With the UK economy now in the grip of double digit inflation – and with the two candidates for prime minister having diametrically opposed views on how or whether to tackle it – the impact on construction workloads is starting to show.
Morgan Sindall said that inflationary pressures were impacting margins and leading to projects being put on ice.
“Where projects are active and underway, the additional costs arising have generally been offset by a combination of contractual protection, operational efficiencies, flexible sourcing and (in the case of Partnership Housing) by house sales price inflation,” the company said. “On projects where it has not been possible to mitigate all such additional costs in full, the resulting impact on margins has been unavoidable.
“Where projects are being priced for future delivery, the inflationary environment has continued to place some project budgets under pressure particularly in Construction & Infrastructure, which in turn has led to some delays in decision-making and project commencement.
“In Urban Regeneration, construction cost inflation has also provided additional challenges to the returns on some of its active developments and on the viability of some of its schemes being evaluated prior to commencement.”
Despite these significant headwinds, Morgan Sindall’s results for the six months to 30th June 2022 showed a record half-year performance for the group. Revenue was up 9% to £1,698m (2021 H1: £1,559m) and pre-tax profit was up 2% to £53.7m (2021 H1: £52.4m).
Net cash on 30th June 2022 stood at £274m, compared to £337m a year before.
Revenue from the fit-out division was up 20% to £457m; revenue from the construction & infrastructure division was down 1% to £764m; partnership housing (Lovell) revenue was up 5% to £284m; property services was up 10% to £76m; and Muse, the urban regeneration business, turned over £126m.

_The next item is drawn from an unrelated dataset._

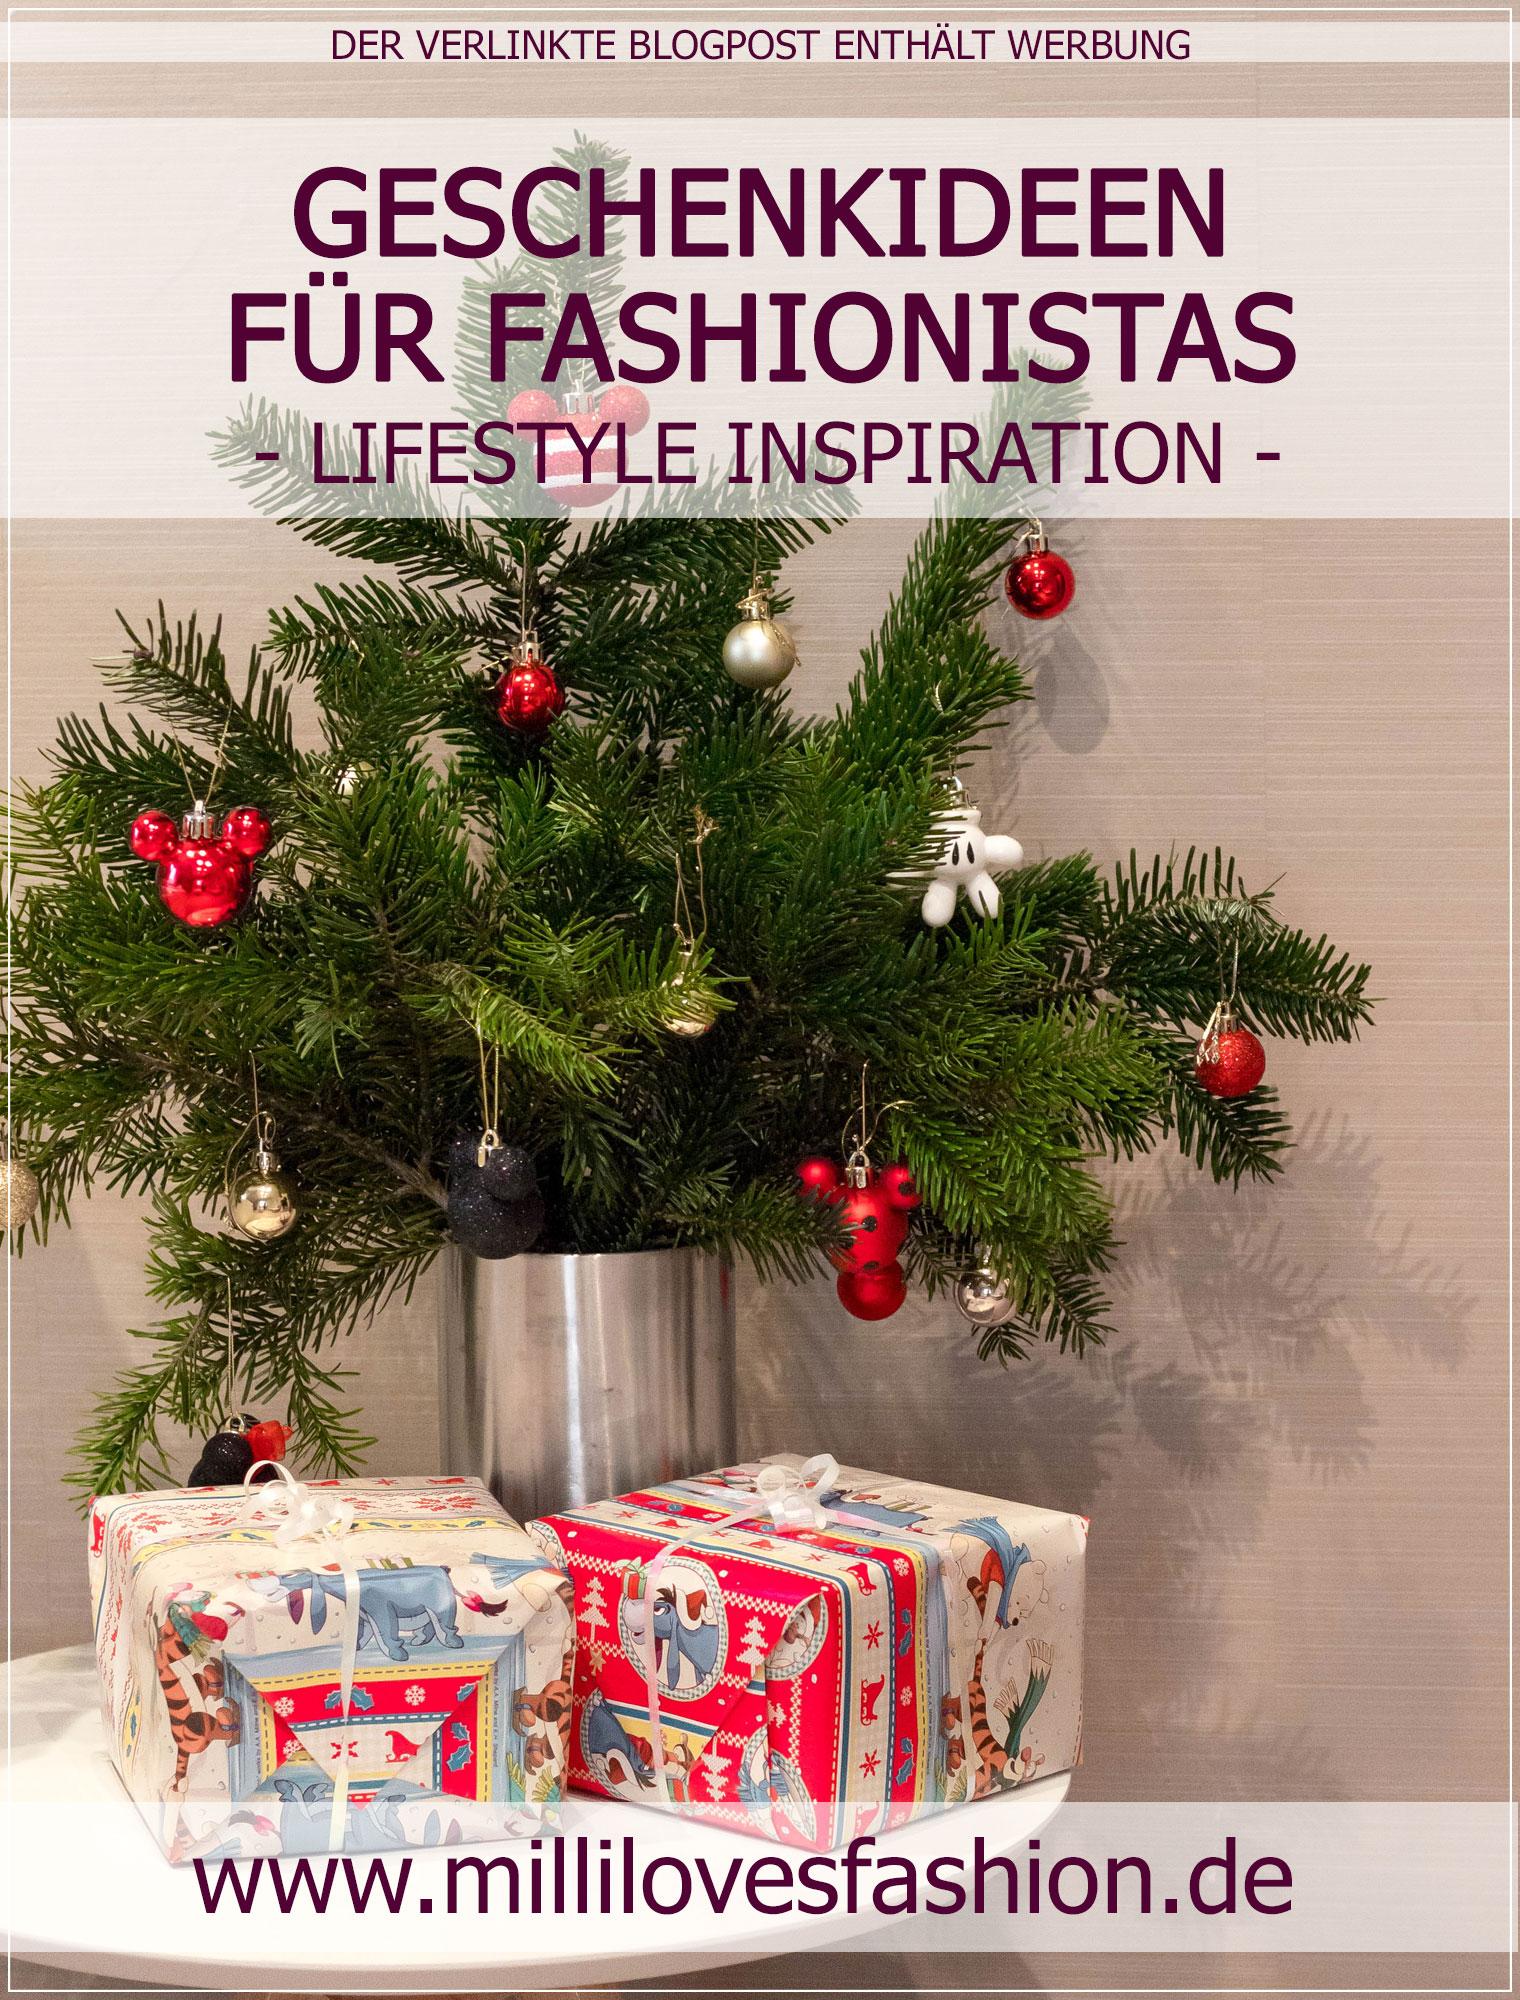 Weihnachtsgeschenkideen, Geschenkeguide, Geschenkideen für Fashionistas, Gift-Guide, Modetrends, Fashion, Modeblog, Ruhrgebiet, Herbstmode, Bloggerin, Fashionblog

All divisions were profitable, with operating margins of 3.2% for construction & infrastructure, 4.6% for fit-out and 4.9% for partnership housing.
Chief executive John Morgan said: “We’ve had a record first half of the year and these results reinforce the significant strategic and operational progress we have made over the past few years. Whilst early days, this is a good start towards our medium-term targets outlined in February.
“With the more challenging economic backdrop, our strong balance sheet including a substantial net cash position is critical to operating efficiently and effectively. It allows us to continue making the right decisions and to best position us in our markets, giving us competitive advantage for continued sustainable long-term growth.
“Our market positions and disciplined approach to contract selection continues to drive positive momentum across the group. Our order book is substantial and of high quality. Following our strong first half performance and with the current visibility we have of the rest of the year, we now expect to deliver a result for the full year which is slightly ahead of our previous expectations.”